The Mummy (no, not Lee Cronin's The Mummy) will return in May 2028

Many mummies are making movie moves, but only one Mummy has Brendan Fraser and Rachel Weisz.

The Mummy (no, not Lee Cronin's The Mummy) will return in May 2028

The Mummy is all anyone’s talking about these days. Hot off the news that Lee Cronin’s The Mummy would finally answer the question, “What happened to Katie?”, Imhotep is lurching from his sarcophagus and announcing another release date. The Mummy legacy sequel, the one starring Brendan Fraser and Rachel Weisz, will unwrap itself for scarab-deprived fans on May 19, 2028, per Variety. The film reclaims the May release date it lost when Rick O’Connell went rooting around the Tomb Of The Dragon Emperor, which was the first and only Mummy movie released in July.

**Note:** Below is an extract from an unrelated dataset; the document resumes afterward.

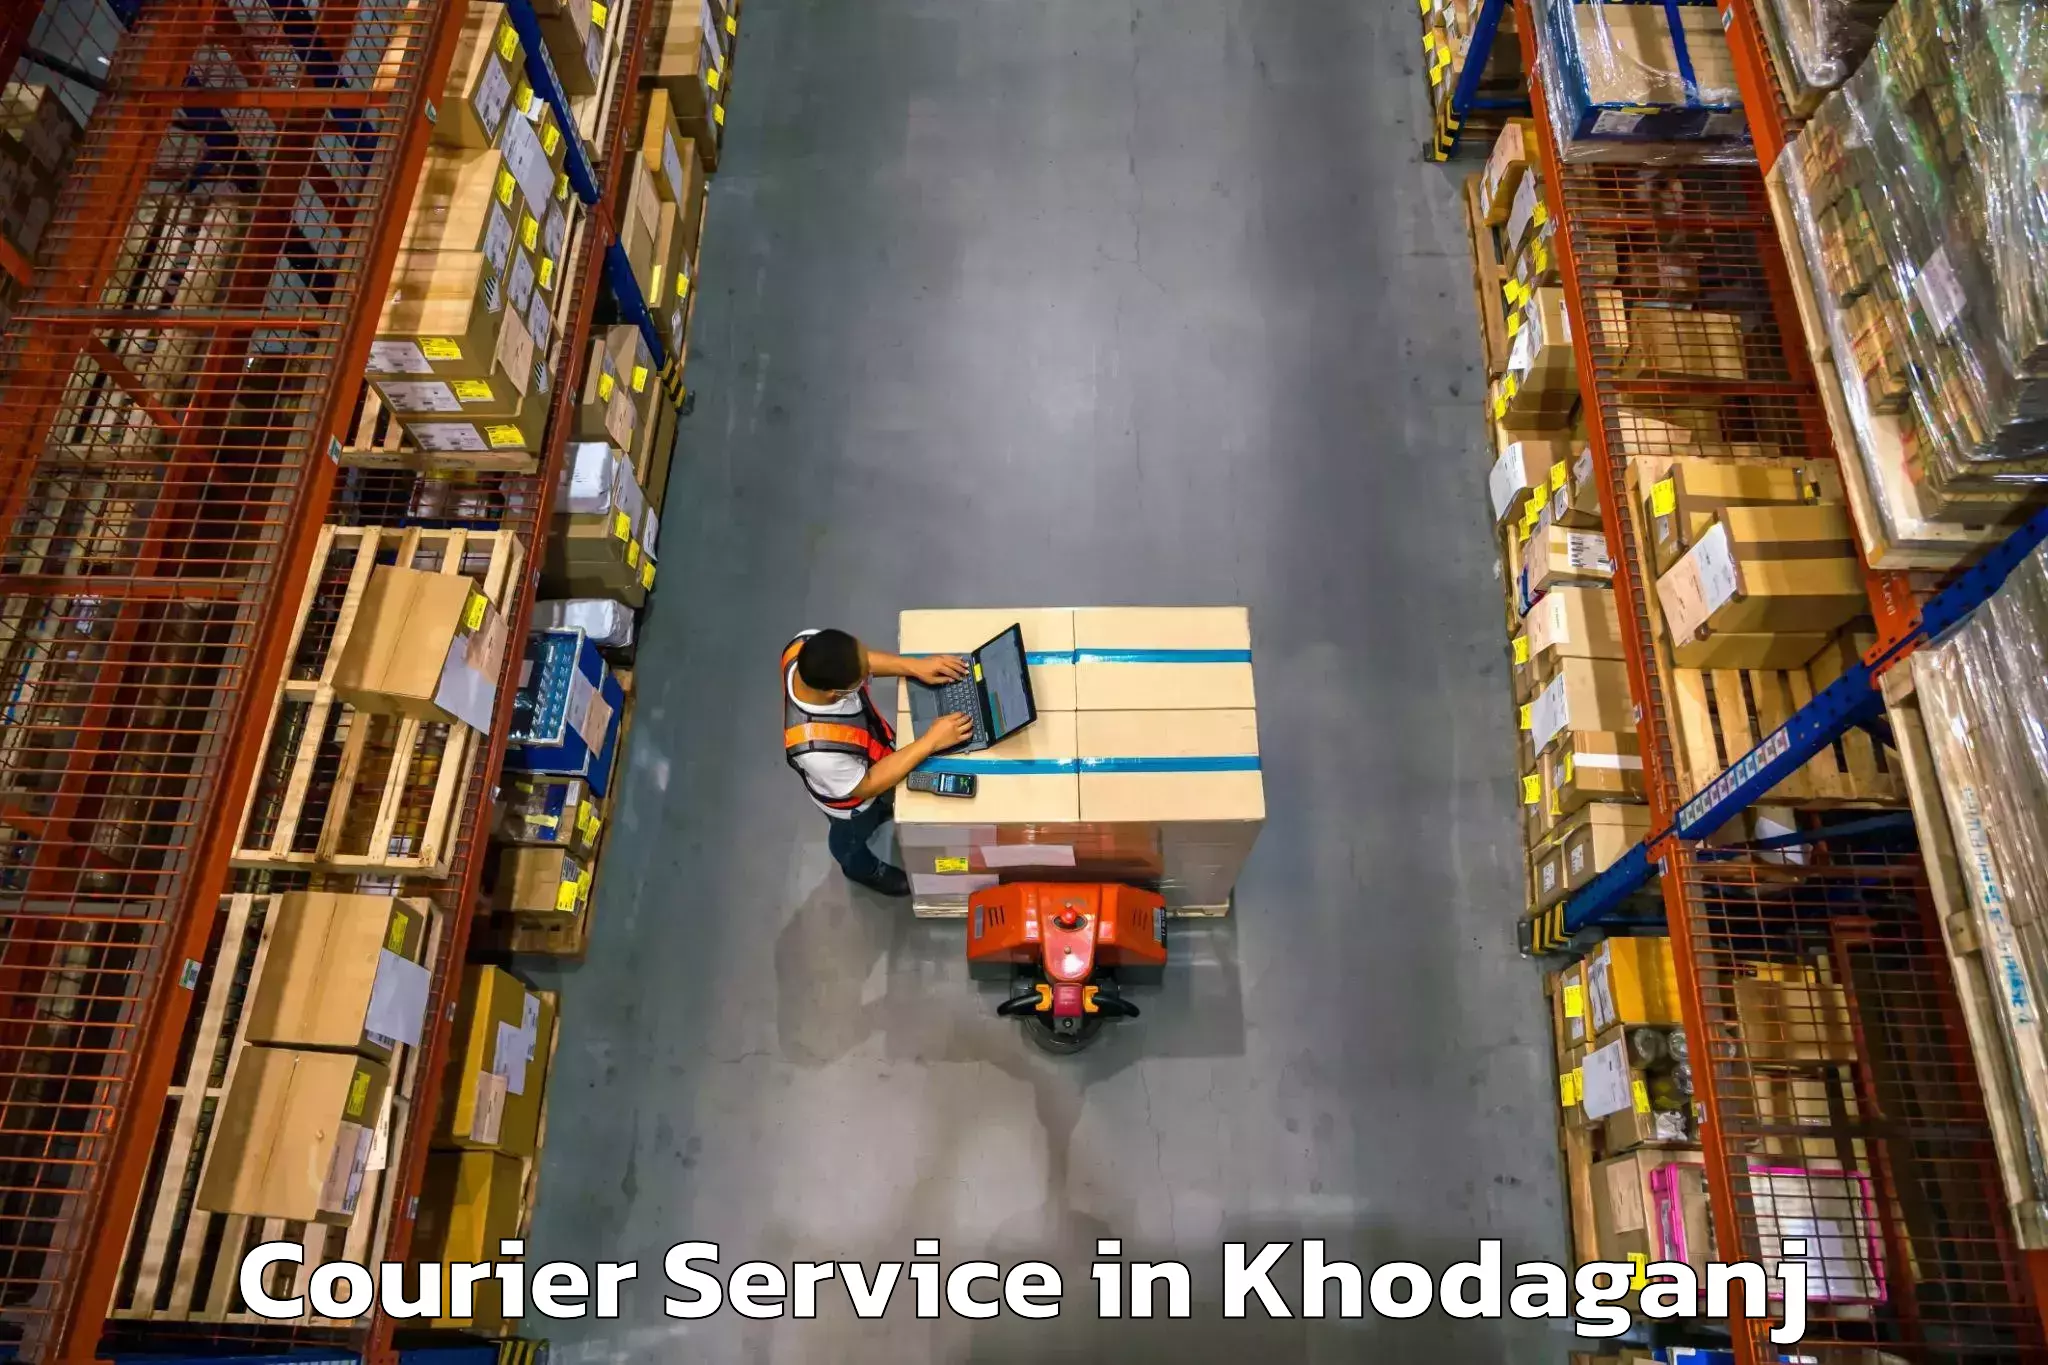 Regular parcel service in Khodaganj

Perhaps, unsurprisingly, Dragon Emperor was the most expensive and least successful entry in the original trilogy. 2028’s The Mummy, which will probably end up being titled “Mummy” or something, is directed by the Scream reboot team of Matt Bettinelli-Olpin and Tyler Gillett.

As mentioned, there are two Mummy movies coming to theaters in the coming years. This April, Evil Dead Rise director Lee Cronin puts his visible auteurial stamp on the series, with Blumhouse’s latest entry in its collection of updates to the classic Universal monster movies, which could very well be called The Dark Universe Lite or The Lite Universe. However, unlike Wolf Man and The Invisible Man, which were released through Universal, Warner Bros. is distributing Lee Cronin’s The Mummy through New Line. So maybe this one isn’t connected to the other two? It’s very confusing. For example, where do the recent Dracula and Frankenstein fit in? 2026’s The Mummy is a co-production between Blumhouse and James Wan’s Atomic Monster imprint. Being that Wan is one of WB’s biggest directors, we doubt there will be a scene in which Russell Crowe invites Elisabeth Moss and Christopher Abbott into a larger, darker universe. Ironically, Mummy (1999) director Joe Johnston also directed a version of The Wolfman in 2010. Brand management of these Universal monsters over the last 20 years is like poetry; it rhymes.